International stories making several front pages today: the doping scandal, with the athletics world being shaken up lately, but now the world turning to Russia. The fact that the Kremlin could be involved seems to further the interest.

A Socialist government supported by the far left is set to take power in Portugal after defeating a shortlived minority centre-right administration in a parliamentary vote on its policy programme, according to Le Monde. Right-wing Le Figaro and the Communist Party's L'Humanité give the story as well, with very different points of view.

Le Monde also denounces the effect of carbon dioxide, a trend lately with the upcoming Cop21 to be held in Paris a few weeks from now. It points out the fact that 2015 was particularly dreadful in terms of greenhouse emissions. Never have they been so high, it says.

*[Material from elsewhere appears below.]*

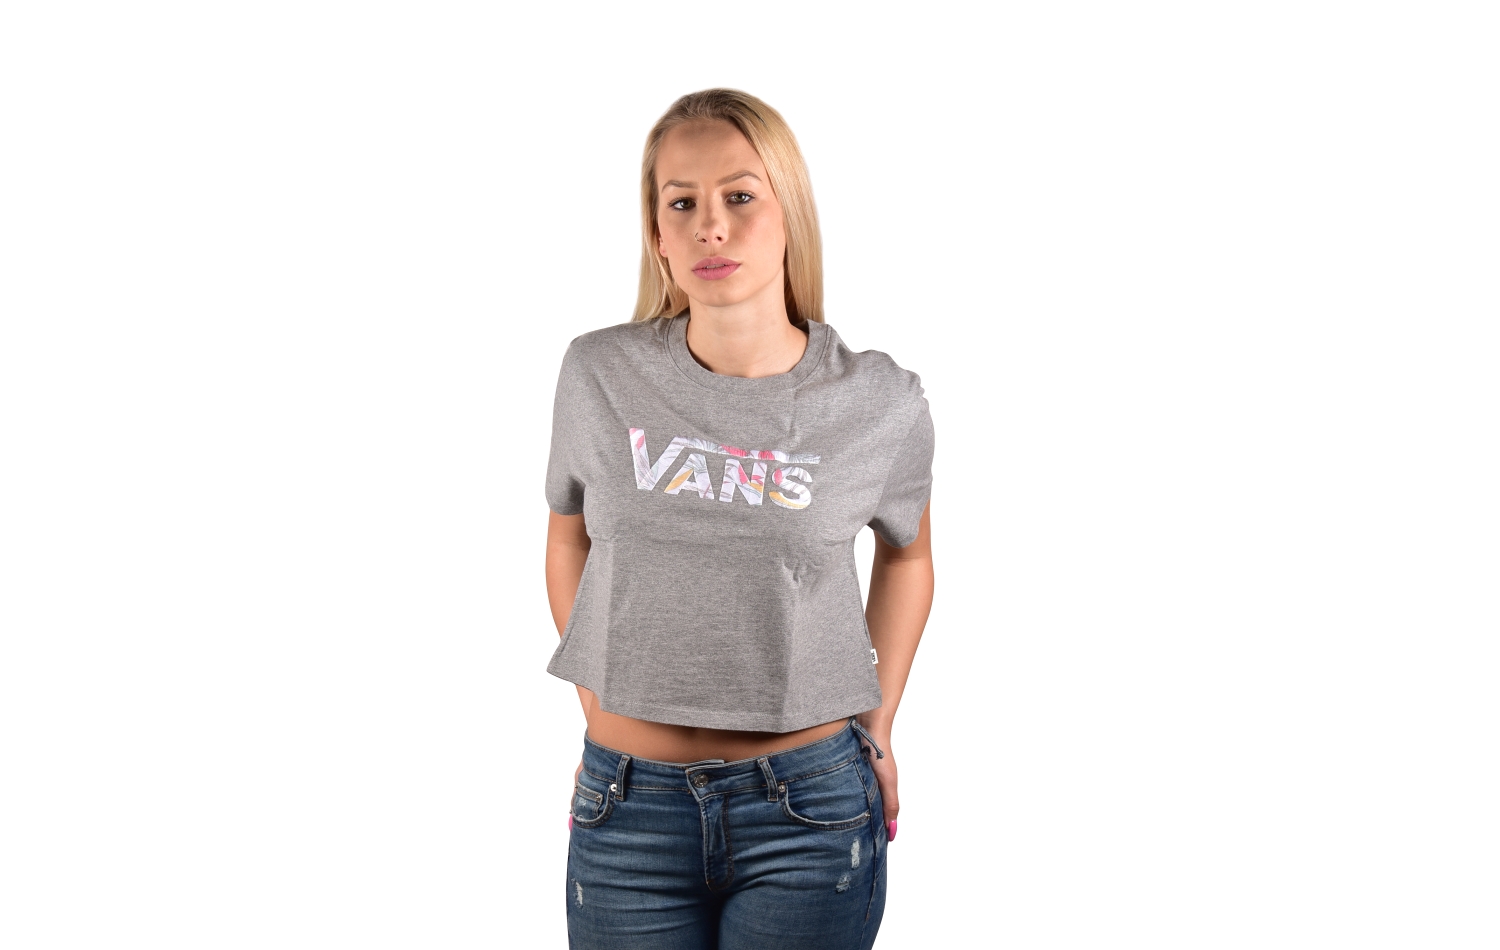 Vans Wmns Cali Floral Box Top S/S (VA3ISAGRH)

The paper dedicates its editorial to the crisis in Burundi after France presented a draft resolution to the UN Security Council aimed at toughening the international response to the violence in the small country, where fears of Rwanda-style mass killings are palpable.

Libération decided to take a closer look at the latest elections in Myanmar in a piece on "Aung San Suu Kyi's long march to power".

Le Figaro has decided to give more room to French Economy Minister Emmanuel Macron than to Glucksmann. And its website reports that a planned attack on the military in the southern French port of Toulon was avoided at the end of October.

La Croix dedicates quite a long article to the fact that the French Senate has amended a bill to loosen constraints on advertising wine in France to facilitate wine tourism.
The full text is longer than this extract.